Hay gente que se siente orgullosa de lucir una camiseta con cuatro mil logos y cero personalidad.

Hay gente que está contenta porque lleva joyas valoradas en seis mil fantasías de euro.

Hay gente que cuando está triste entra en una tienda como terapia.

Hay personas que comprarían cualquier cosa inútil con tal que esta cosa lleve un cartel de descuento u oferta.

Hay parejas que todo lo que pueden compartir es una tarde de compras (y la tarjeta de crédito).

Hay hombres que se esclavizan a pagar un crédito para poder conducir un coche mejor durante las horas libres que no tienen.

Hay padres que (creen que) educan a sus niños comprándolos.

¿Qué coño nos pasa, estamos locos?

 

oro parece, plata no es

Said. Veinticuatro años. Musulmán. Uno ochenta y uno. Setenta y tres quilos. Pelo azahar. Ojos marrones. Cuerpo atlético. [Hasta aquí esto podría ser un clasificado de chico busca chica, pero no te dejes confundir.]


Said vivió casi toda su vida en un pueblecito cerca de Rabat con su familia. Su padre vendía alfombras a los turistas mientras su madre cuidaba la casa. Lo que mejor recuerda de aquellos años es la plaza del mercado llena a rebosar de sudor y dinero, el cuscús de su madre y el intenso olor a especies omnipresente. Sus padres murieron asesinados cuando él tenía diecisiete años. Nunca quiso investigar qué pasó exactamente, pero dicen que había drogas de por medio. Poco después, decidió irse a España, solo, en busca de una vida mejor. [Vale, como muchos otros. Pero espera, hay más.] Said por aquél entonces cantaba en un grupo de hip hop y creía que ir a Europa lo acercaría un poco más a su sueño de convertirse en estrella. Pensaba que allí sería más fácil. Pero, como se suele decir: los sueños, sueños son -aunque la realidad tampoco le molesta. Ahora Said es propietario de una tienda de música árabe en la calle Joaquín Costa (Raval, Barcelona) y por las noches desahoga su talento en un karaoke de la calle Aribau, donde ya tiene algunos seguidores. Vive solo en un cuchitril a cinco minutos de su negocio. Sabe que nunca va a subirse a un escenario de verdad.
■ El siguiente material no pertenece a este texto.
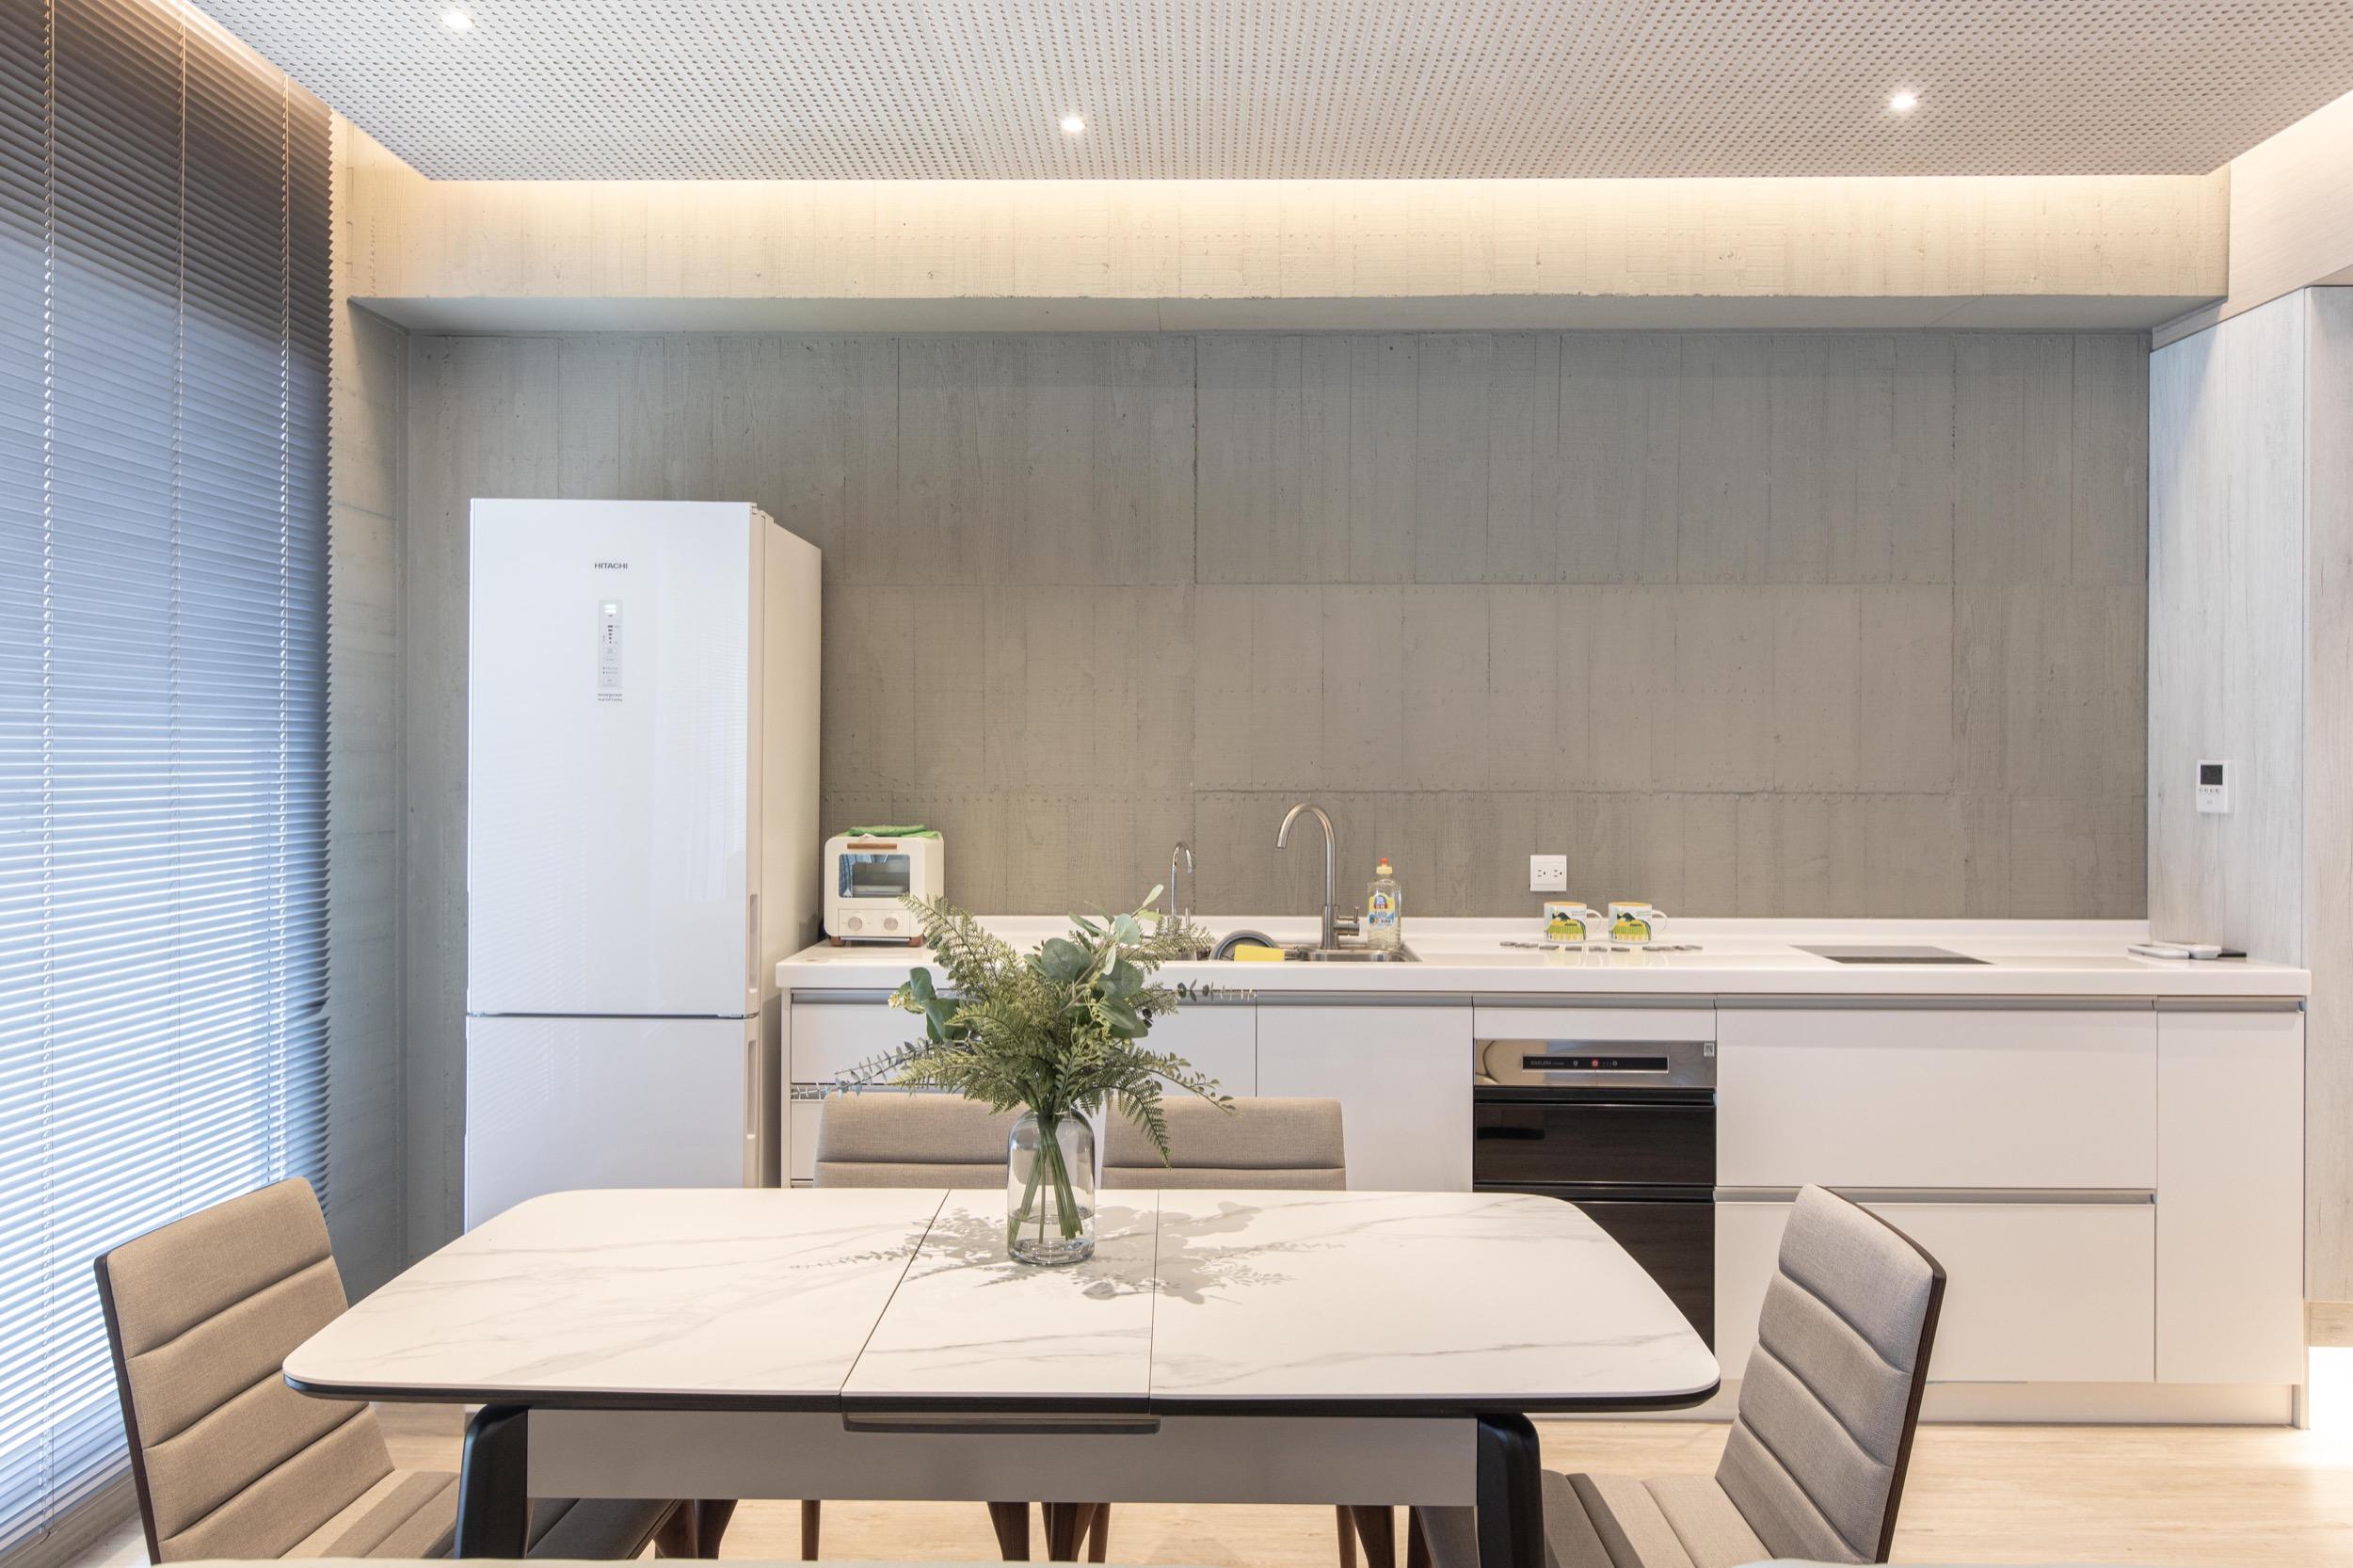 德築-DEZU-project-Zutian-architecture-real-estate-interior-renovation-34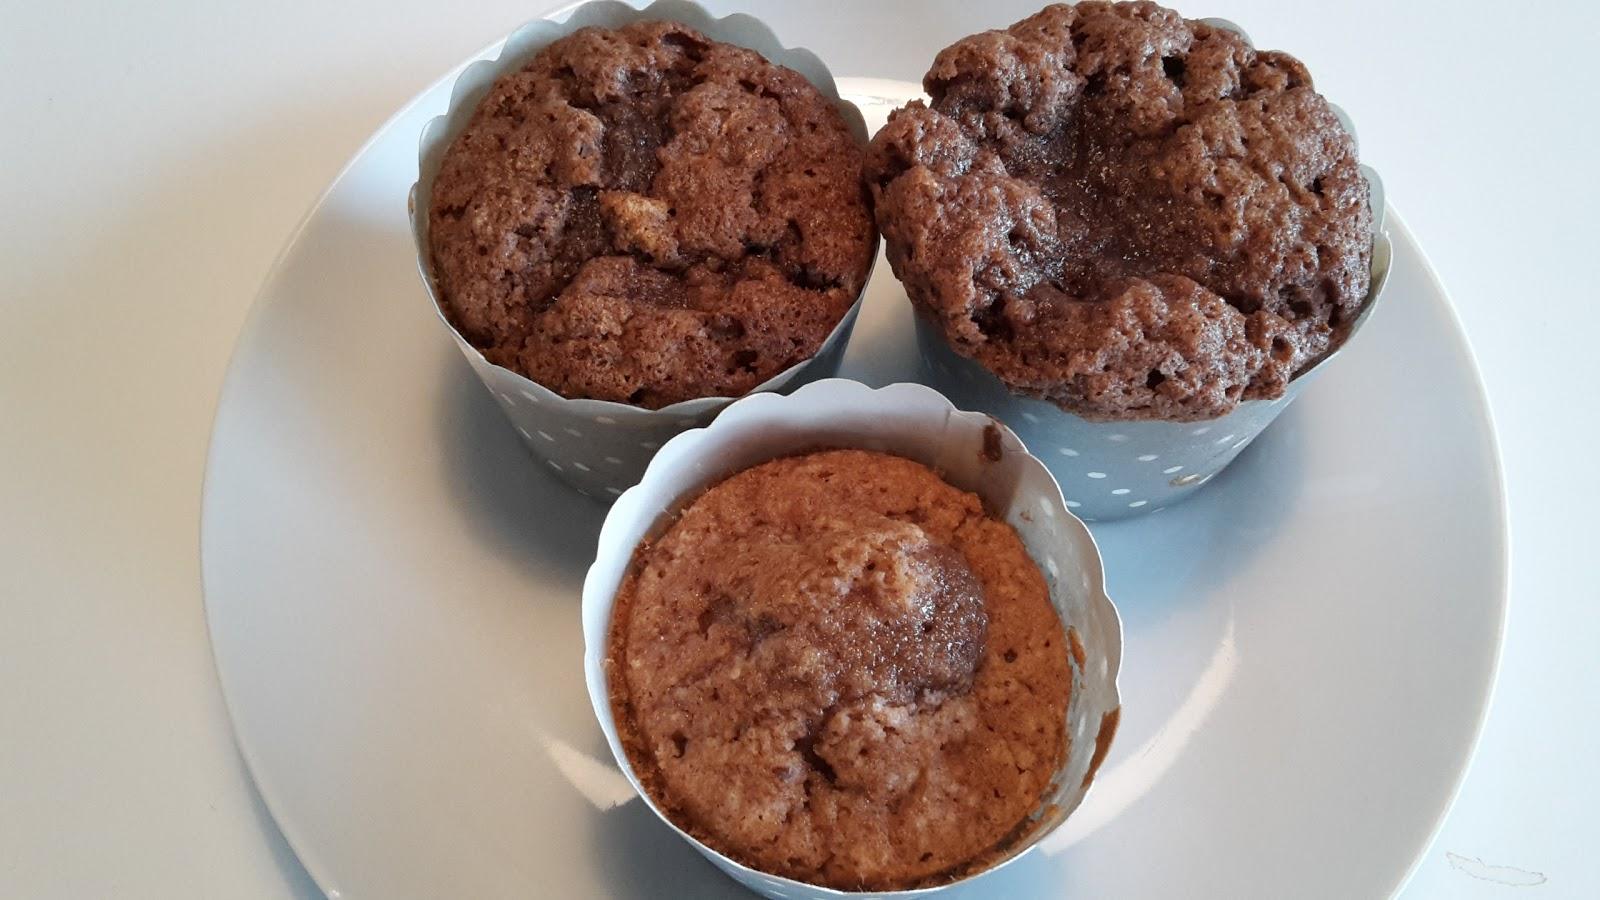 svampede muffins med kærnemælk

Pero cuando piensa en su vida, sencilla, se considera afortunado, y si no fuera por esa sensación de vacío que le invade de vez en cuando, diría que hasta incluso es feliz. [Aunque lo que no sabe es que esa sensación de vacío es lo que hace de él alguien único, de su historia una historia que vale la pena contar.]


Los que lo conocen dicen que Said es un buen muchacho -reservado, pero bonachón. De hecho si existiera un manual de cómo ser un buen ciudadano, él saldría dibujado. Es listo, simpático y trabajador. Siempre intenta ayudar a quien se cruza en su camino. Nadie nunca lo ha visto enfadado. Nadie nunca lo ha visto ni siquiera triste. Cada día recicla meticulosamente la basura. No cruza el semáforo si no está en verde. Sus duchas no duran más de diez minutos. Siguiendo sus creencias, reza concienzudamente cinco veces al día. Come sus cinco raciones de frutas y vegetales diarios. Tiene una bolsa reciclable para ir al súper. Abre la tienda con puntualidad inglesa. En invierno, pone la calefacción a máximo veinte grados y en verano el aire a mínimo veinticinco. Procura no poner la música muy alta para no molestar a los vecinos. Y duerme siete horas al día, después de las cuales abre los ojos sin necesidad de alarma. Al despertar, hace cincuenta flexiones y corre media hora por la playa; haga sol, viento o llueva. Los fines de semana, ayuda en el centro social del barrio. No hace vacaciones, dice que no las necesita. Según las chicas musulmanas del vecindario es el “soltero de oro”, absurdamente perfecto. Ellas lo intentan seducir. Sus familias han probado varias veces sin éxito de “arreglar” el matrimonio –siendo propietario de una tienda y no teniendo familia a quien enviar el dinero que gana, es un buen partido. Pero él no les hace ni caso. No es que no las encuentre atractivas, pero hay algo en su interior que le dice que su destino es estar solo, vacío y solo. Algunas rumorean que es gay; no pueden imaginar otro motivo…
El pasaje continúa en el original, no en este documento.